Friday, June 23, 2017
Memories of Daddy, part 4: OBU, My Faith Crisis, and a Loving Dad by Bill Jones Trustee, T. B. Maston Foundation
In September 1969, I entered Oklahoma Baptist University. Mother and Daddy drove me to Shawnee, helped me register, and moved me into Brotherhood Dorm. Then they said goodbye and left. It wasn't 10 minutes before Daddy was back in my room, telling me he had forgotten to leave me some spending money. I later learned that this was just an excuse - he just had to see me one more time, was already beginning to worry about me and miss me. (More tears!)
In November 1970, I lost my faith. I had professed Christ publicly at First Baptist Church, Richardson, Texas, in April 1961 and been baptized. In my teenage years at Bethany Baptist in KC, MO, my world had revolved around Youth Choir and the youth group there. I had even become somewhat of a leader, at one point being elected Youth Pastor during our annual Youth Week.
Somewhere around the age of 15 or 16, I became convicted that God was calling me to the music ministry; I went to OBU mainly because of the influence of our music minister - and my dear friend - Joe Dell Rust, who had graduated from OBU, which had a Fine Arts College, led by Dean Warren M. Angell, with a reputation to match or exceed that of at least any Baptist school. I entered OBU on a Church Music degree program.
But my "faith" was built on a house of cards; I had never really understood the nature of faith. To me it was more the acceptance of a set of facts; yes, there was personal commitment involved, too, but the question of faith vs. facts was my problem. On that day in my sophomore year at OBU, when a professor's statement caused me to realize that I couldn't prove any of the stuff I believed, the house of cards collapsed, and I walked out of that class no longer believing in God, much less Jesus Christ as the Son of God.
I had friends at OBU, preacher's kids like me, who went through a similar crisis; when they shared their newfound struggle, their fathers argued with them and yelled at them.
When I told my dad what had happened (and it took a year or so before I got up the courage to tell my parents), he told me he understood; he shared that he had gone through something similar when he was young, and that he understood that this was something I would need to work out on my own, but that he would be there whenever I needed, to talk with, to respond to any questions I might have.

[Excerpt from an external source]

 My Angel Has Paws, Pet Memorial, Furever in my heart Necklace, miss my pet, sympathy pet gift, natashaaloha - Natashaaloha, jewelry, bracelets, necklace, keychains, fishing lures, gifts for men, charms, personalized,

I don't recall any specific discussions with him beyond that, but I do know that I consider Daddy the greatest influence in helping me find my way back to Christ.
Of course, having lost my faith, I had to get out of the Church Music program, so I switched to a Music Education degree. No, I really didn't want to teach all that much, but I didn't have any passion, any great love, outside of music. So I completed the Music Education degree and was then pretty lost, still struggling and searching for truth on which to stake my life, and also struggling to figure out what to do with my life.
One thing I tried was Law School; I scored in the 96th percentile of the Law School Admission Test and was admitted to the University of Oklahoma Law School, which I entered in August 1975. I spent three semesters there before withdrawing after recognizing that I simply wasn't cut out to be a lawyer.
It was during my time in Law School, however, that Daddy and other members of his Home Mission Board Interfaith Witness Department came to speak to the Baptist Student Union at OU. I went to hear them - the only times I ever darkened the doors of the BSU at OU. One evening before one of the sessions, Daddy and I went to dinner together, and I shared with him that, after over 5 years of searching and struggling, I found myself able to once again accept that the Bible is true, that God is real, and that Jesus is God's son. Well, at least I was able to accept it intellectually, although a real faith commitment, a real personal commitment of love and trust would take longer. But now I understood what faith was about. I was trying to build my house on a foundation of faith this time, not a house of cards.
I would never have gotten to that point without the patience and understanding that Daddy showed me from the beginning.